● **REQUIREMENT**: Go to the line in the entries below that holds "Free Cultural Awareness" and repeat exactly from there through the line that holds "Catwalk John Varvatos", inclusive.

GIVEN ENTRIES below:

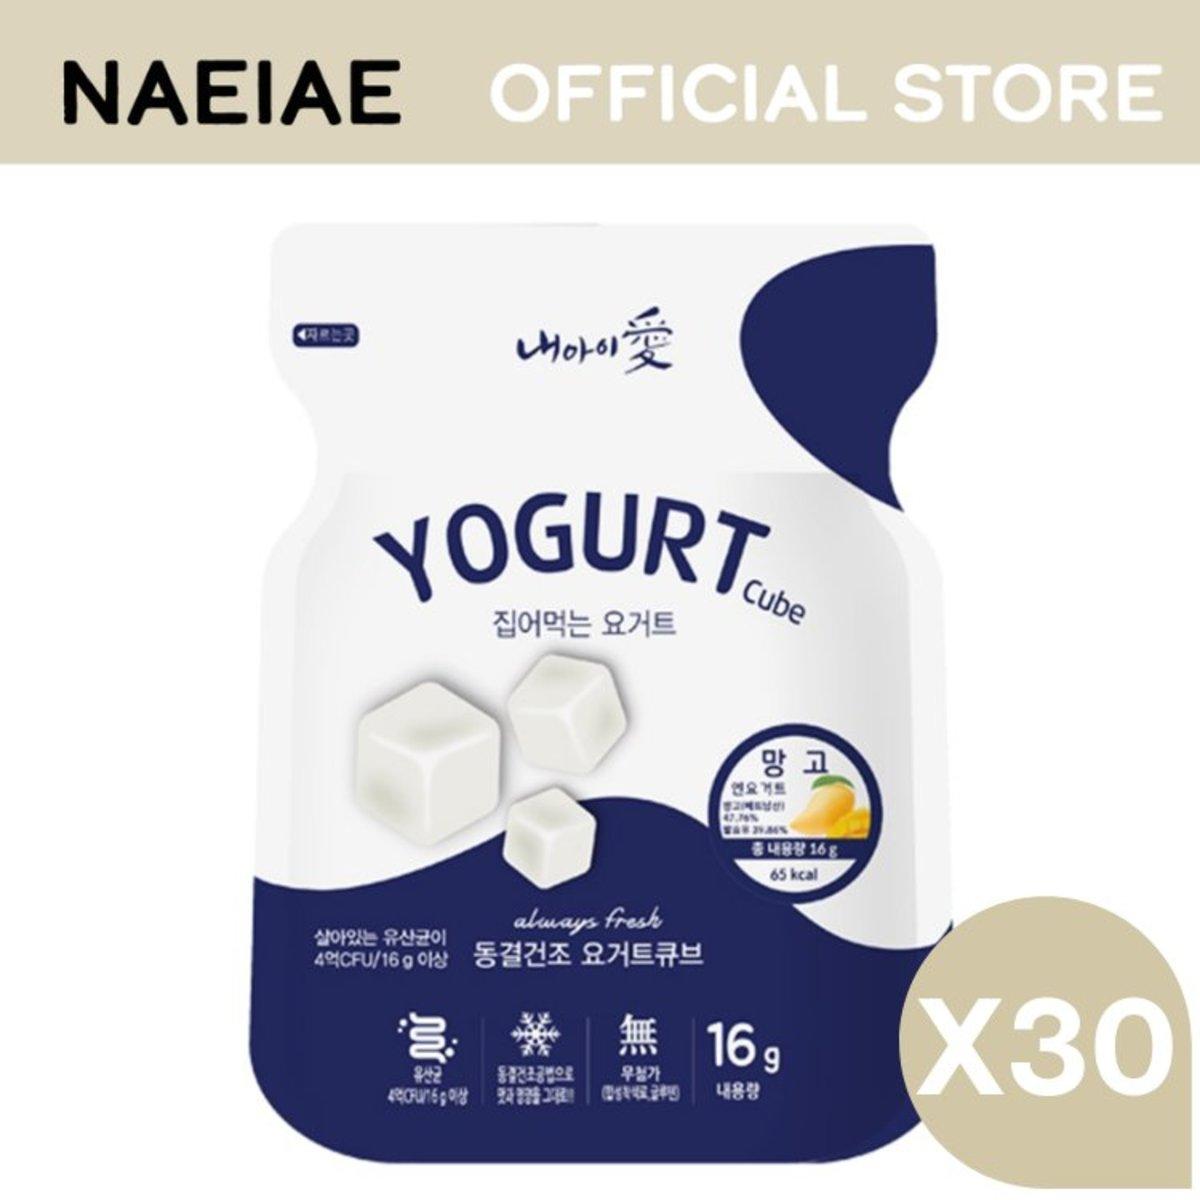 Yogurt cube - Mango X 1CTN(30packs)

End of GIVEN ENTRIES.
GIVEN ENTRIES below:

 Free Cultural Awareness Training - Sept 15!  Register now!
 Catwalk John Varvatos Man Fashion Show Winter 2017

End of GIVEN ENTRIES.

● **TASK RESPONSE**:
 Free Cultural Awareness Training - Sept 15!  Register now!
 Catwalk John Varvatos Man Fashion Show Winter 2017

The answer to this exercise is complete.